PRIVACY IMPACT ASSESSMENT

A key tenet of the new regulatory landscape is an expectation that organisations will promote privacy and data protection compliance from the start of any new project - ensuring that privacy risk is identified and managed from the very earliest design-phase when creating new products and services. 

Projects should do this by carrying out privacy impact assessments as a matter of routine, especially when considering new arrangements that may involve handling sensitive data fields, or large volumes of personal data.
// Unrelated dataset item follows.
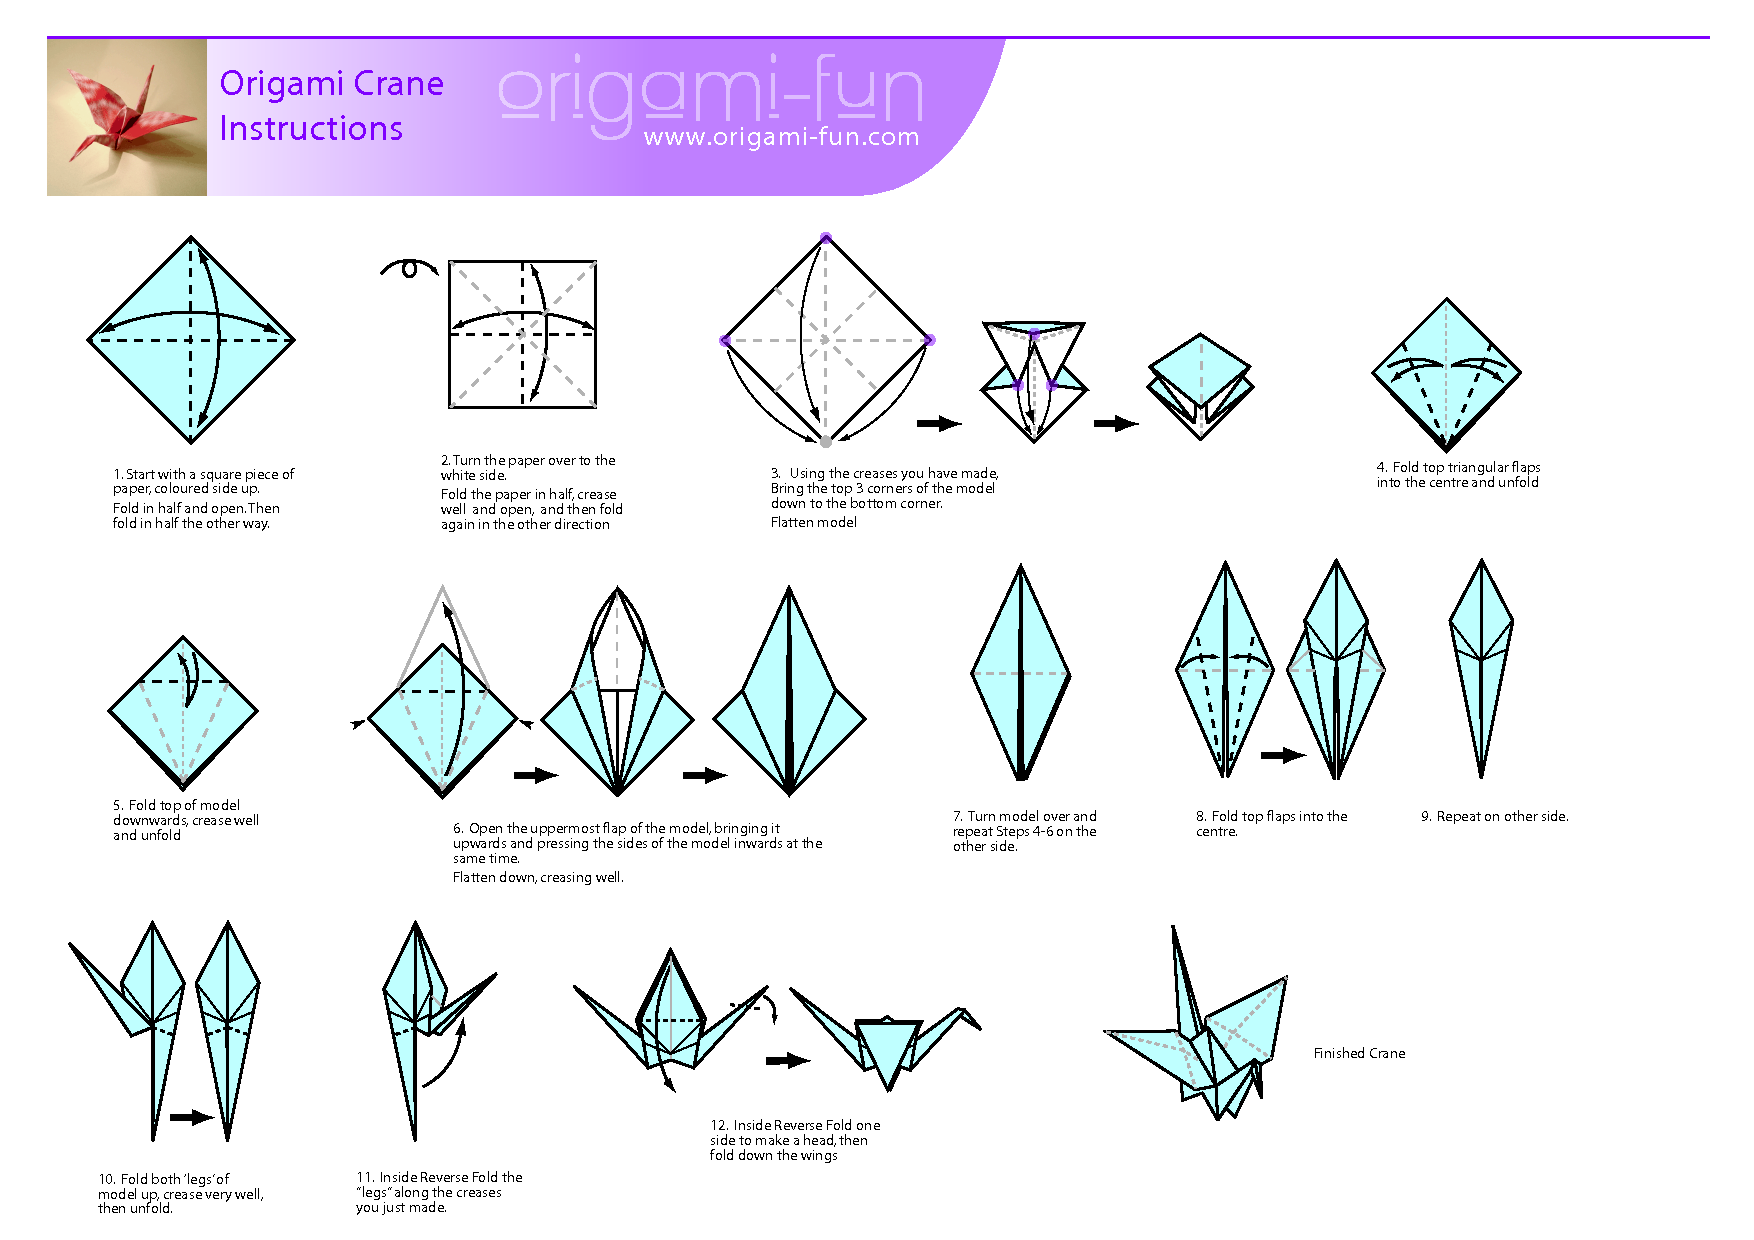 Как сделать оригами журавлика из бумаги поэтапно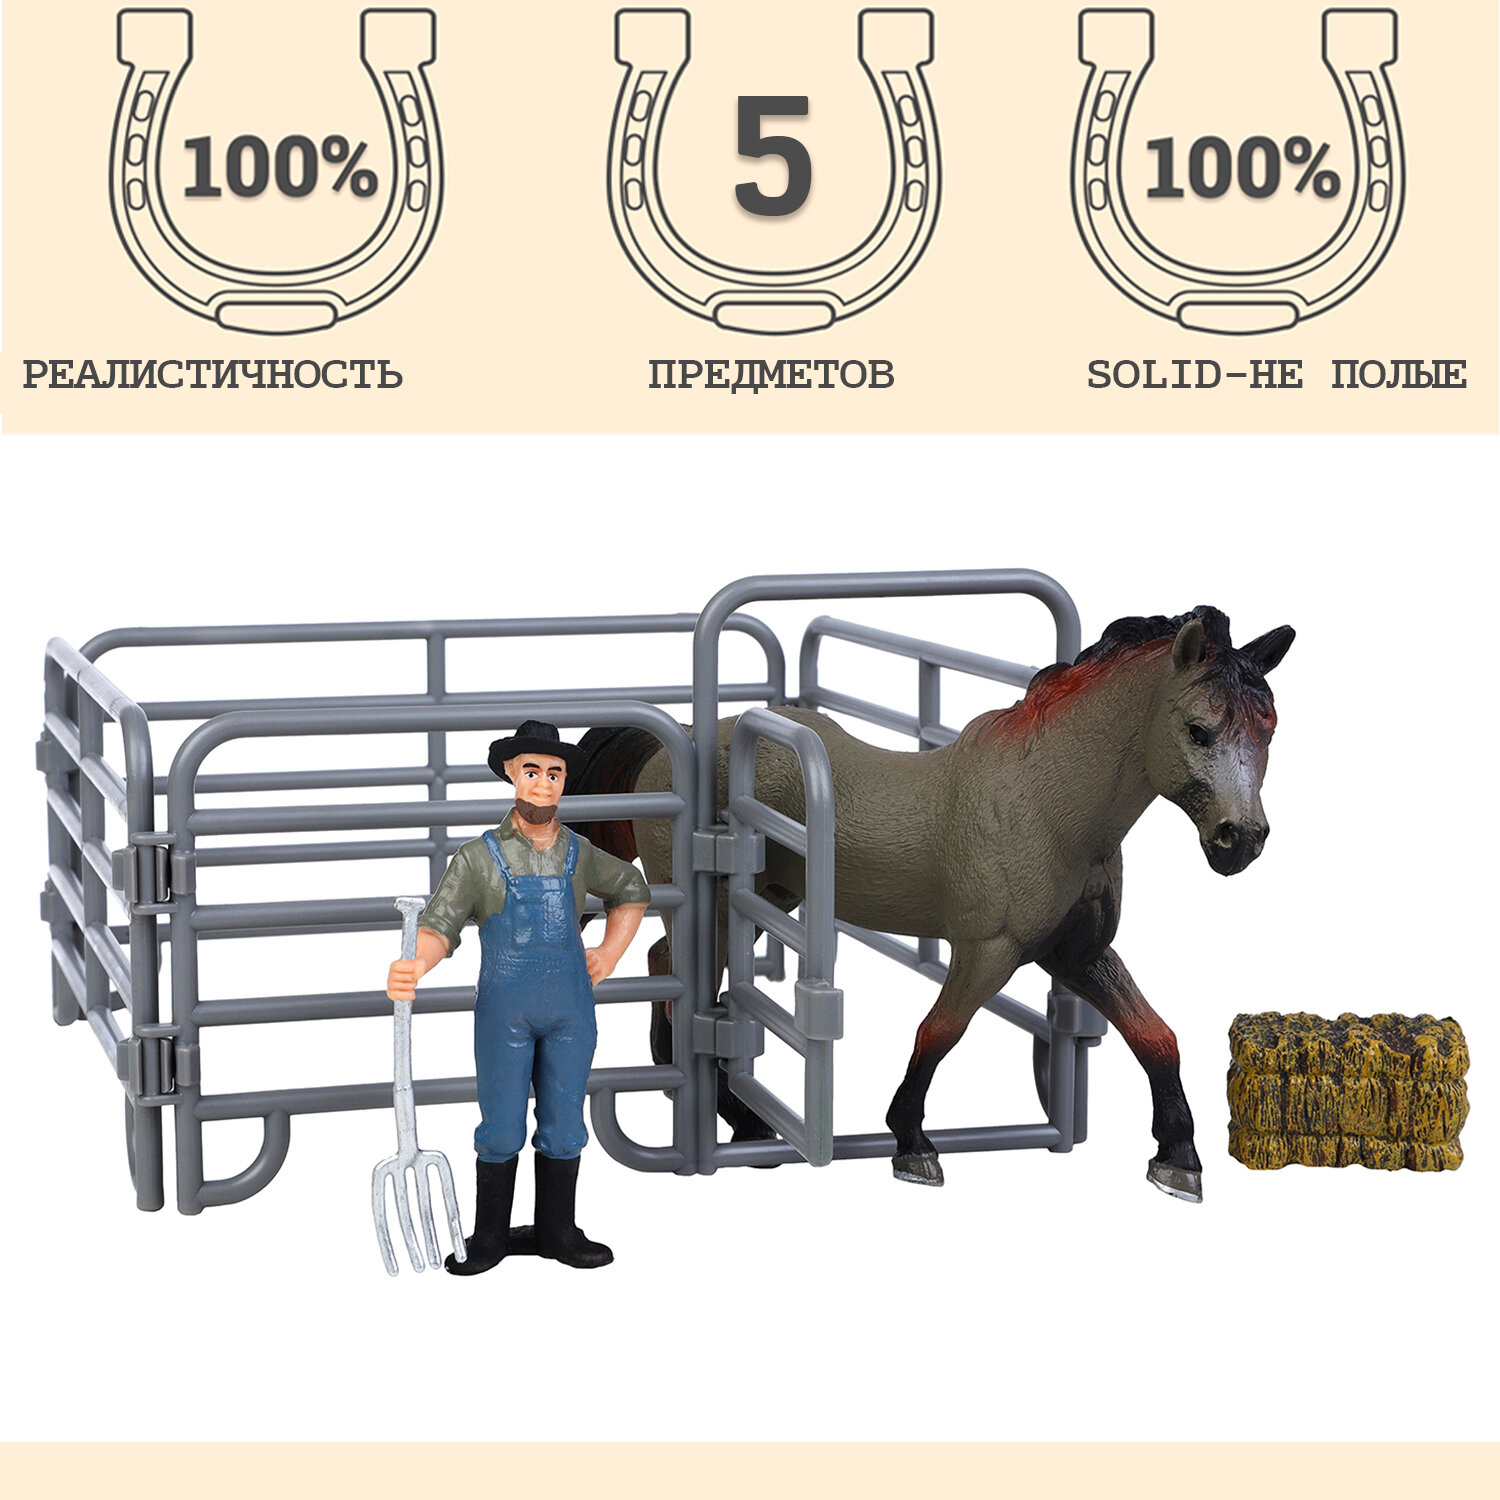 Фигурки животных серии "Мир лошадей": Лошадь, фермер, ограждение, вилы (набор из 5 предметов)

The following basic ground rules should help set outline parameters to those involved in the design process:

TASK 
DO    DON'T 
COLLECTION    limit type / volume of data collected to 'as needed' to complete specific tasks authorised in advance    do not collect sensitive data other than exceptionally
do not ignore privacy policy or notice commitments on fair use 
ACCESS    provide users with access rights as needed to perform their tasks    do not set privileged account access by default 
SHARING    control data sharing within and outside the organisation    do not send data outside the organisation or offshore unless additional protections are in place 
USE    design systems with user preferences in mind    do not assume data collected for one purpose may be used for other purposes 
STORAGE    have effective data retention policies     do not keep data indefinitely or without good reason 
PROCESSING    use aggregated, key coded, pseudonymous or anonymous data where possible    do not link identifiable user data without prior consent 
GOVERNANCE    establish information governance structures up to board level    do not ignore the importance of managing risk across the org.